Não, de todo. Mas digo-lhe qual foi o meu erro: o enfoque do texto. O romance tinha sido publicado em Inglaterra há vários meses. Eu queria destacar a estupidez dos recenseadores que embandeiraram em arco com um romance escrito desleixadamente, com um argumento estúpido. Teria mandado o livro para trás, sem escrever sobre ele, se não me tivesse irritado tanto a aclamação entusiástica de um romance tão mau. Era sobre isso que eu queria escrever. Ganhei muitos inimigos entre os recenseadores. E eles vingaram-se quando eu publiquei o meu romance seguinte. Hoje, lamento ter sido tão cruel para com Ian McEwan. Devia ter enfatizado que não era tanto o livro que estava em causa, mas a forma como foi recebido.
Imagina o que ele deve ter sentido quando leu a recensão?
Bem, espero sinceramente que o tenham avisado e que ele não a tenha lido.

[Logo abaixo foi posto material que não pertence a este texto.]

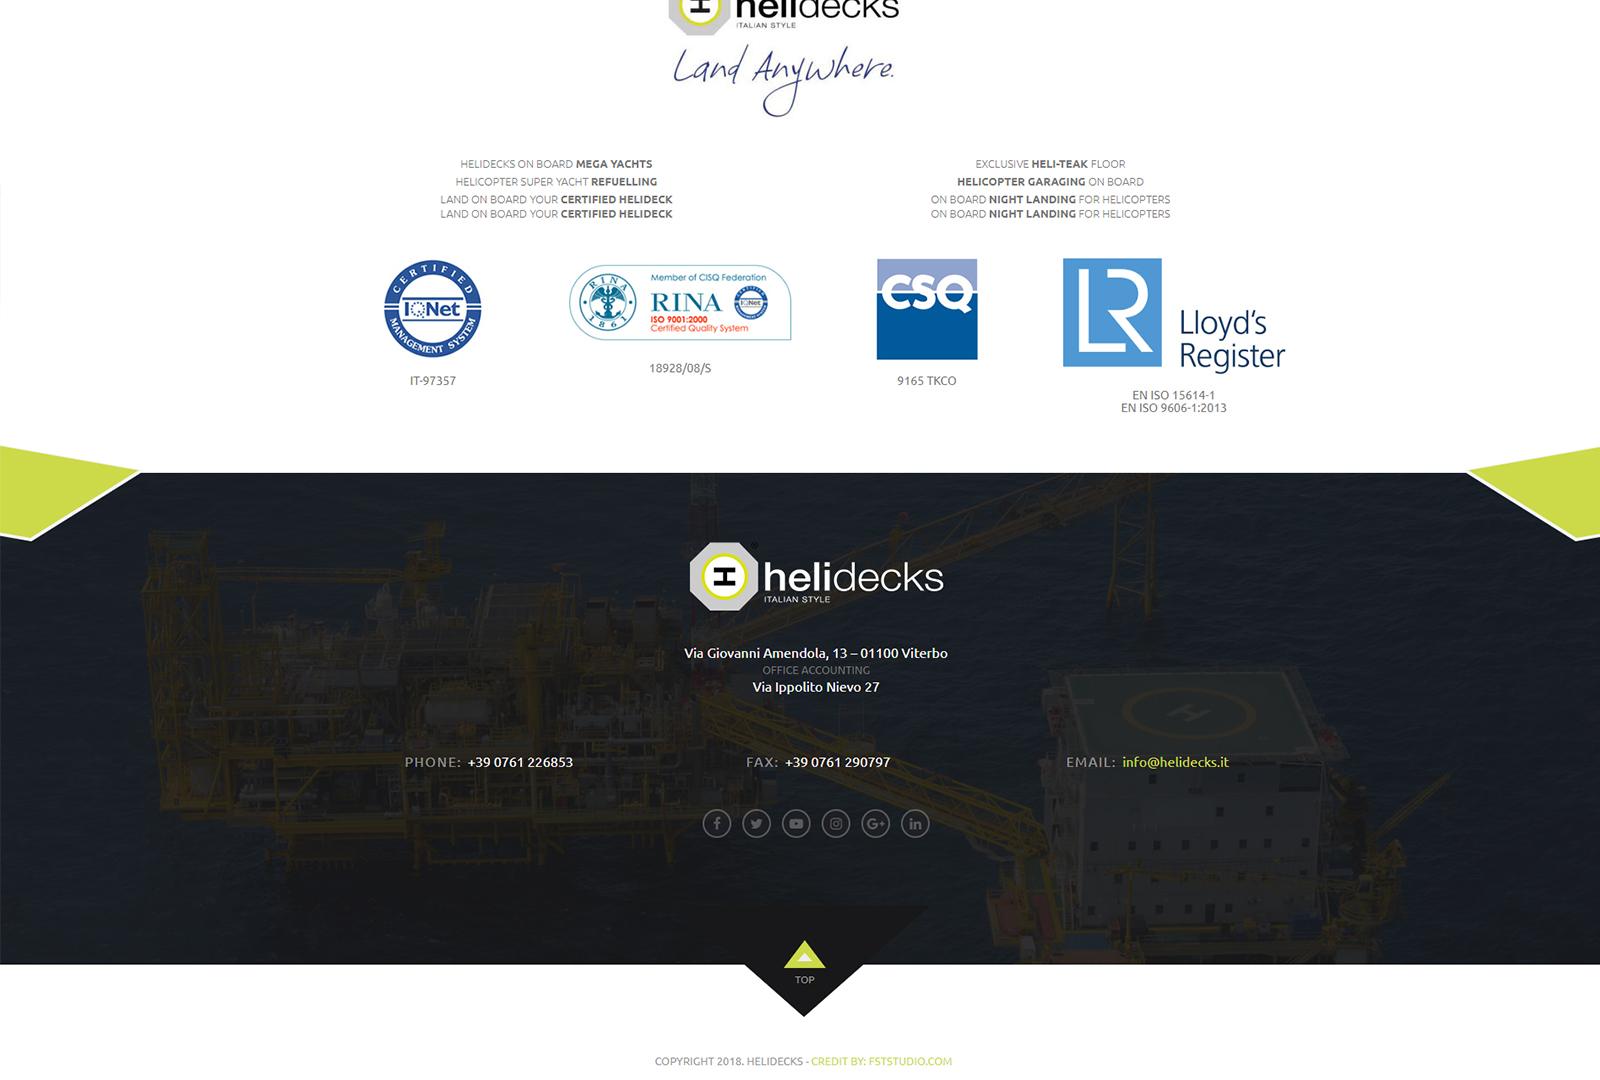 helidecks2

Afinal, é para isso que servem os melhores amigos…
A delinquência e o furto são temas muito frequentes nas suas ficções, funcionam como uma espécie de moldura. O roubo talvez seja uma metáfora para o tipo de apropriação que os seus protagonistas fazem do mundo à volta, impondo-lhe a sua personalidade e os seus impulsos criativos psicopatas ou apenas autocentrados.
O furto é uma metáfora para o que o artista faz: apropria-se das coisas. Destaca-as do mundo, torna-as únicas e notória a sua presença, antes desapercebida. Vou tentar explicar como. O artista concentra-se intensamente no objeto. O objeto não está à espera dessa atenção; antes ele estava apenas ali, discreto, escondido. O artista foca ainda mais o olhar sobre ele. O objeto ilumina-se, numa espécie de autoconsciência. E começa a corar. Quando as coisas [e as pessoas] coram, é quando ficam mais vulneráveis, mais ternas. Tornamo-nos intensamente conscientes de nós mesmos quando coramos. A tarefa do artista é essa: fazer o mundo corar. [pausa] É o que também acontece quando nos apaixonamos. A pessoa por quem nos apaixonamos é, em simultâneo, um espelho (no qual nos revemos e revemos quão bonitos somos) e um objeto de súbita e intensa atenção.
Os fantasmas também estão sempre presentes. Tudo parece matéria espectral nos seus livros. O olhar nos espelhos. O olhar dos espelhos. As casas onde se viveu na infância e onde quase todos os protagonistas teimam em voltar. Os mortos na família, mesmo que seja (e quase sempre é) para se reafirmar que se lhes teve pouco amor. Os próprios objetos quotidianos e os elementos atmosféricos. Todos os seus protagonistas são investigados enquanto vestígios espectrais. Ao mesmo tempo, simetricamente, tudo isto é mostrado como se fosse a única coisa que importa e que, se não está viva, representa o lado mais vivo de quem delas fala. Porquê?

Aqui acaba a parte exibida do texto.